From the records below, output exactly the lines running from the line containing "Excited to share" through the line containing "etsy.me/3P9bq4S #black #birthday", and no others.

Given data:

┌────────

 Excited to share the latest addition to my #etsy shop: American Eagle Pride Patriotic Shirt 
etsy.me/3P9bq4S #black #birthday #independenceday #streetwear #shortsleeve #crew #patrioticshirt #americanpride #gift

└────────
┌────────

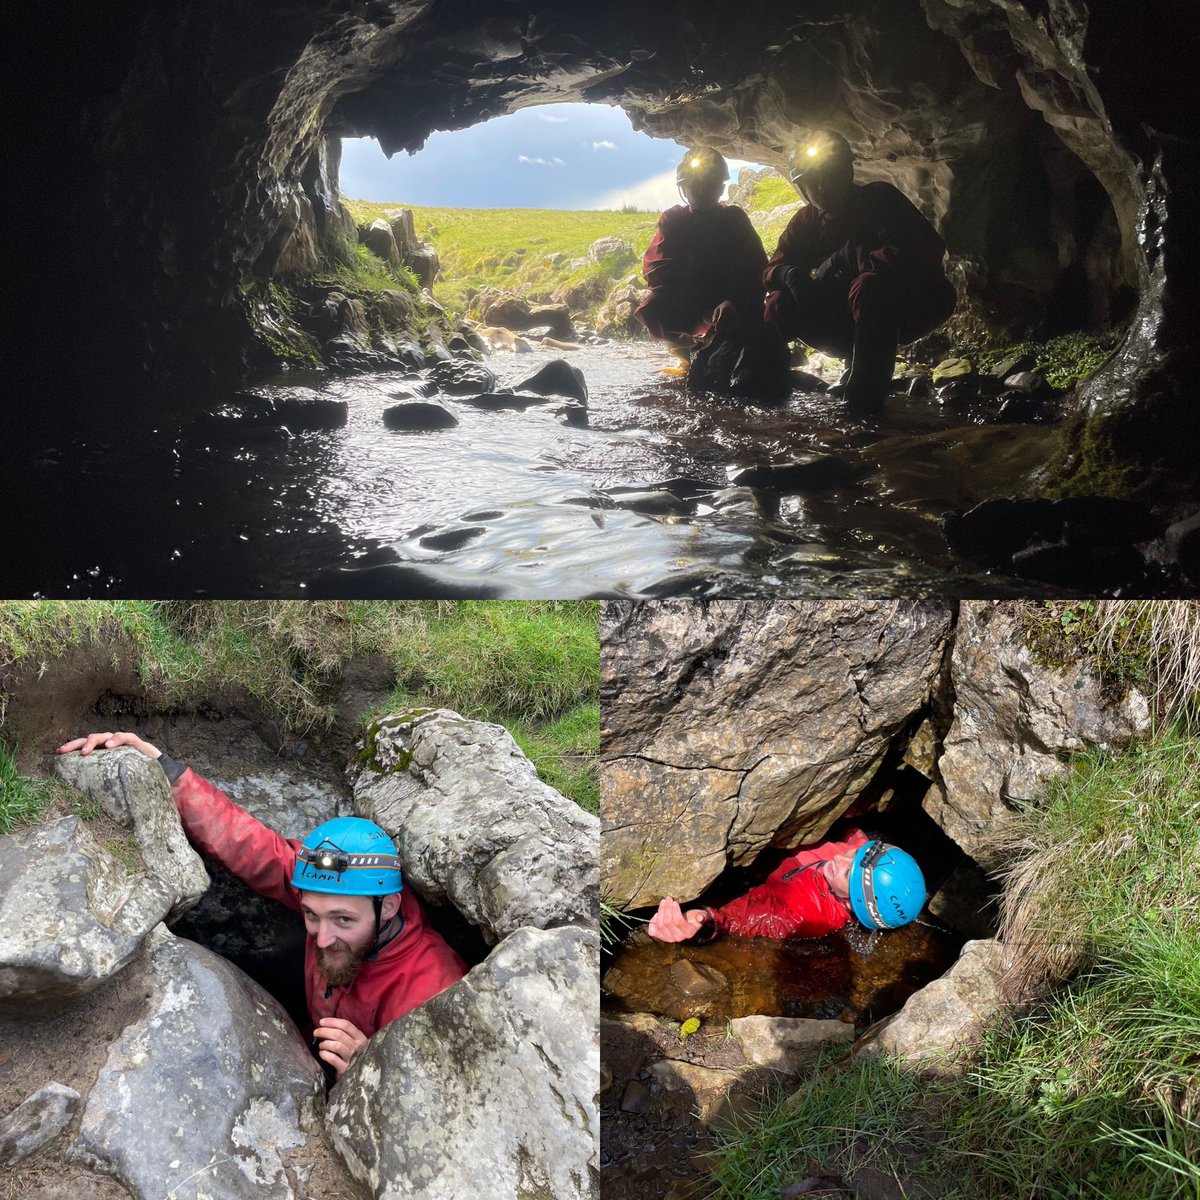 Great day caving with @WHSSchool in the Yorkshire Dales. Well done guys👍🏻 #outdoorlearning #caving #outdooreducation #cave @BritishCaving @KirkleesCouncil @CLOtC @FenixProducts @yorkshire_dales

└────────

Answer box:
 Excited to share the latest addition to my #etsy shop: American Eagle Pride Patriotic Shirt 
etsy.me/3P9bq4S #black #birthday #independenceday #streetwear #shortsleeve #crew #patrioticshirt #americanpride #gift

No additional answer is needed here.